Similarly, Jay Heglar, Domo's chief business officer, noted that the collaboration capabilities of Sandbox are a key aspect of the new tool by bringing business users -- the ones often requesting the development of assets and the ones ultimately using them in their workflows -- into the development process.
Before the development of Sandbox, Domo users had to send a request for something to be built by a developer, and then wouldn't see the application or model until it was complete and ready for production. Now, however, they're able to view the asset while it's under development and work with the developers to hone it.
"Before, when you built content in a Domo environment, you were operating in a production environment," Heglar said. "We set out to build a non-production capability to democratize content creation within Domo.
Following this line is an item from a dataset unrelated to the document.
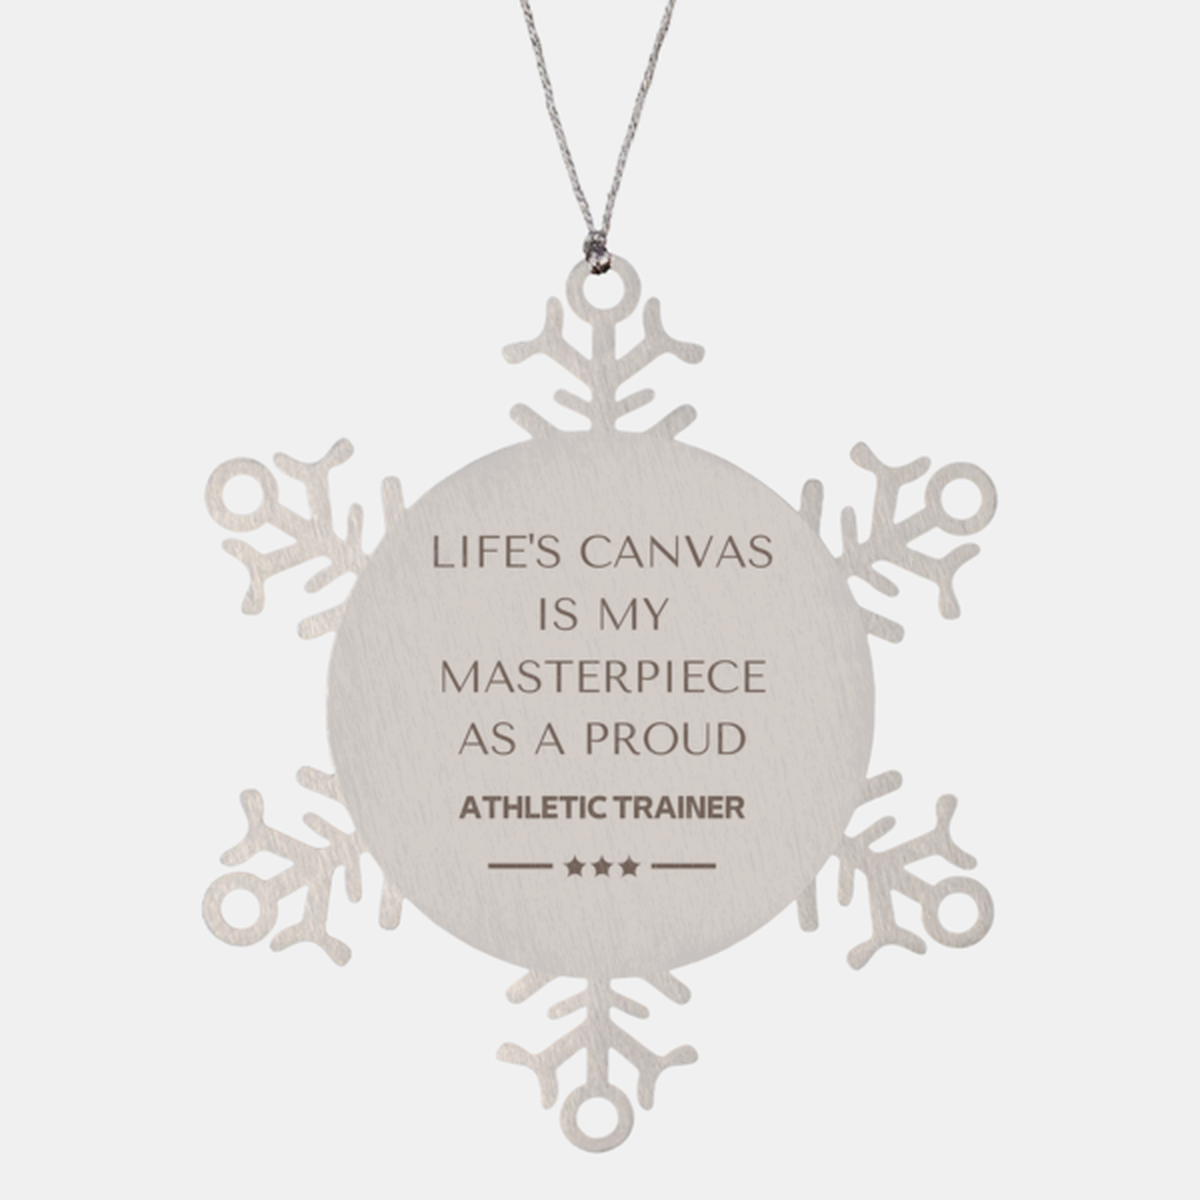 Proud Athletic Trainer Gifts, Life's canvas is my masterpiece, Epic Birthday Christmas Unique Snowflake Ornament For Athletic Trainer, Coworkers, Men, Women, Friends
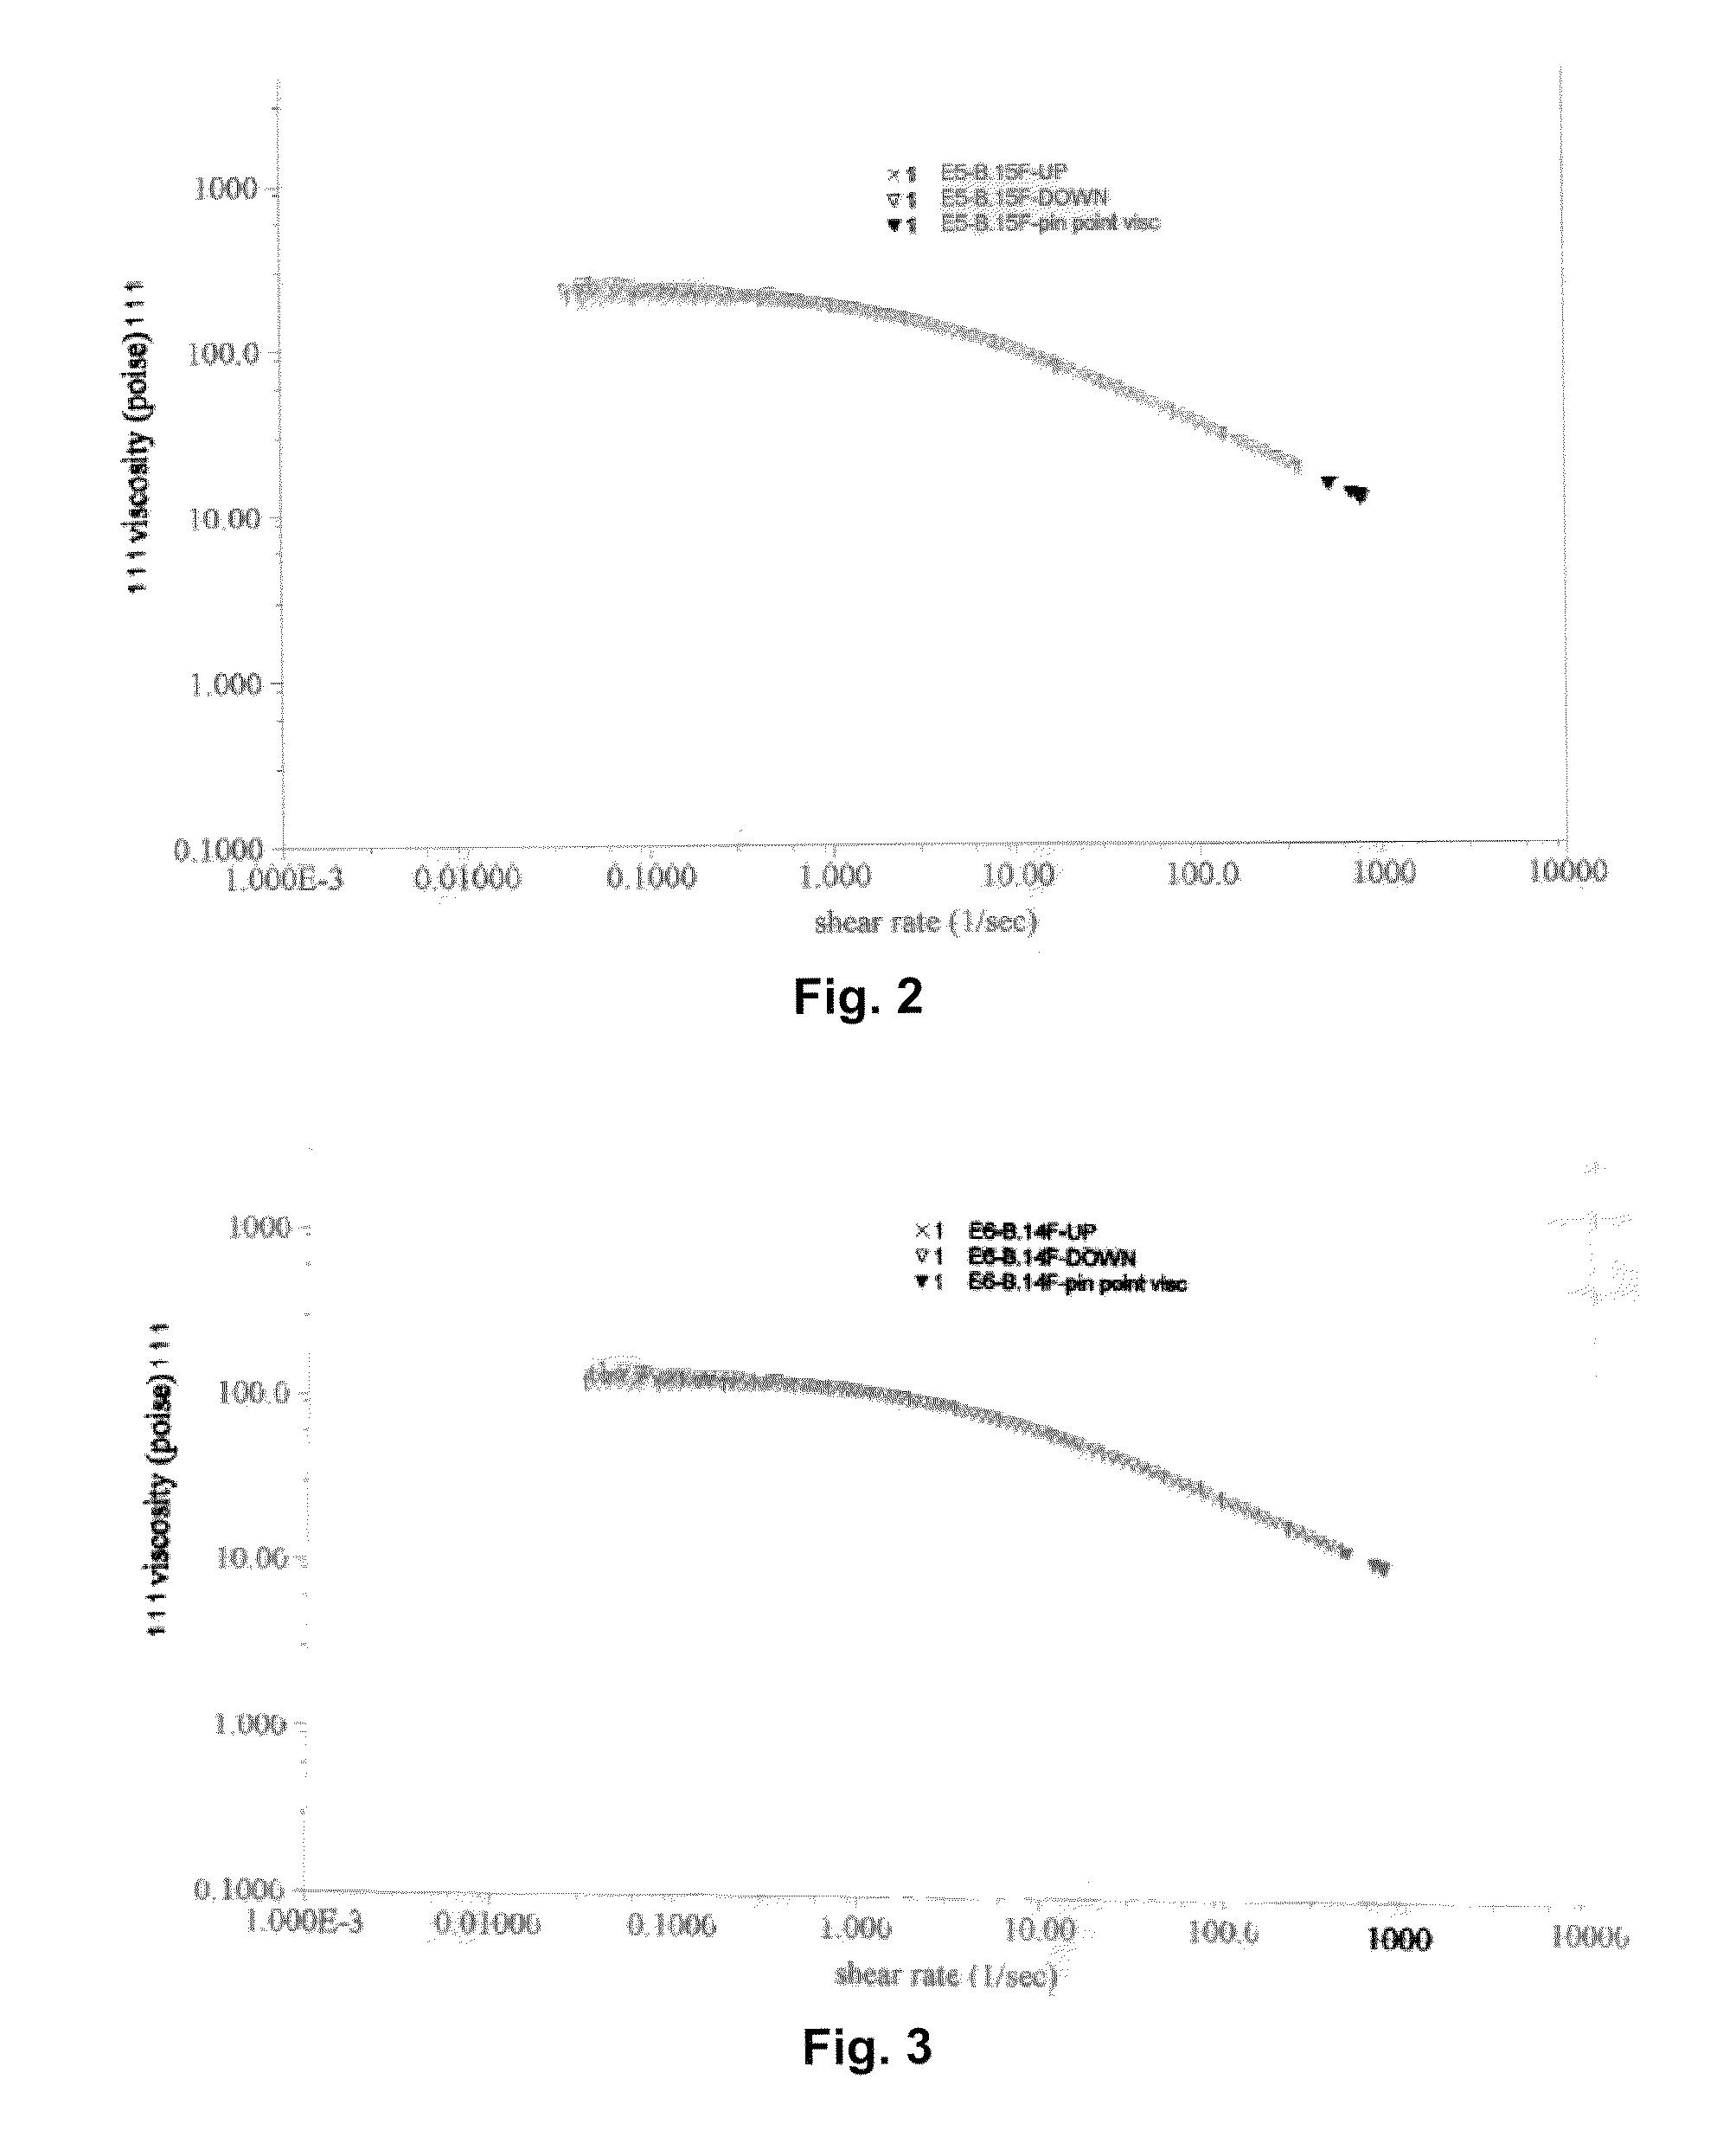 Electrolytic capacitor containing a liquid electrolyte

In the Sandbox, [non-developers] collaborate in the delivery of the experience."
And by enabling collaboration in the delivery rather than post-production, Sandbox speeds up the time it takes to ultimately complete the development process and deploy a new application or model, he continued.
"In an old-school world, what if they want to change [something], what if they want the application to operate differently?" Heglar said. "In a Sandbox environment, now the business user collaborates with the delivery rather than having to do so [afterward] in a production environment."
The impetus
Motivation for the development of Sandbox, meanwhile, came from customers, according to Heglar.
In fact, most of what Domo has added to its platform in recent years -- most recently a focus on embedded analytics with the streamlining of Domo Everywhere -- has come at the request of customers.
The vendor, founded in 2010 and based in American Fork, Utah, is guided by founder and CEO Josh James' idea of putting data in the hands of every business user so they can do their job better. Specific ideas for development often come from users, however, Heglar said.
"Over 10 years, development has been pushed by enterprise users who predominantly are asking us to scale, to do more," he said. "Our big customers said, 'We need this to continue to push the gas pedal down.'"
Ultimately, more vendors will release capabilities similar to Sandbox, according to Menninger.
While Domo is among the first to provide an environment for the development of analytics assets in a collaborative and governed ecosystem that enables business users to be part of the process, it won't be the last.
"Every analytics vendor should be offering this type of capability," Menninger said. "Some that are more developer-oriented have relied upon leveraging GitHub and other existing developer tools for version control, but that approach is not very friendly to line-of-business personnel trying to create and deploy analytics."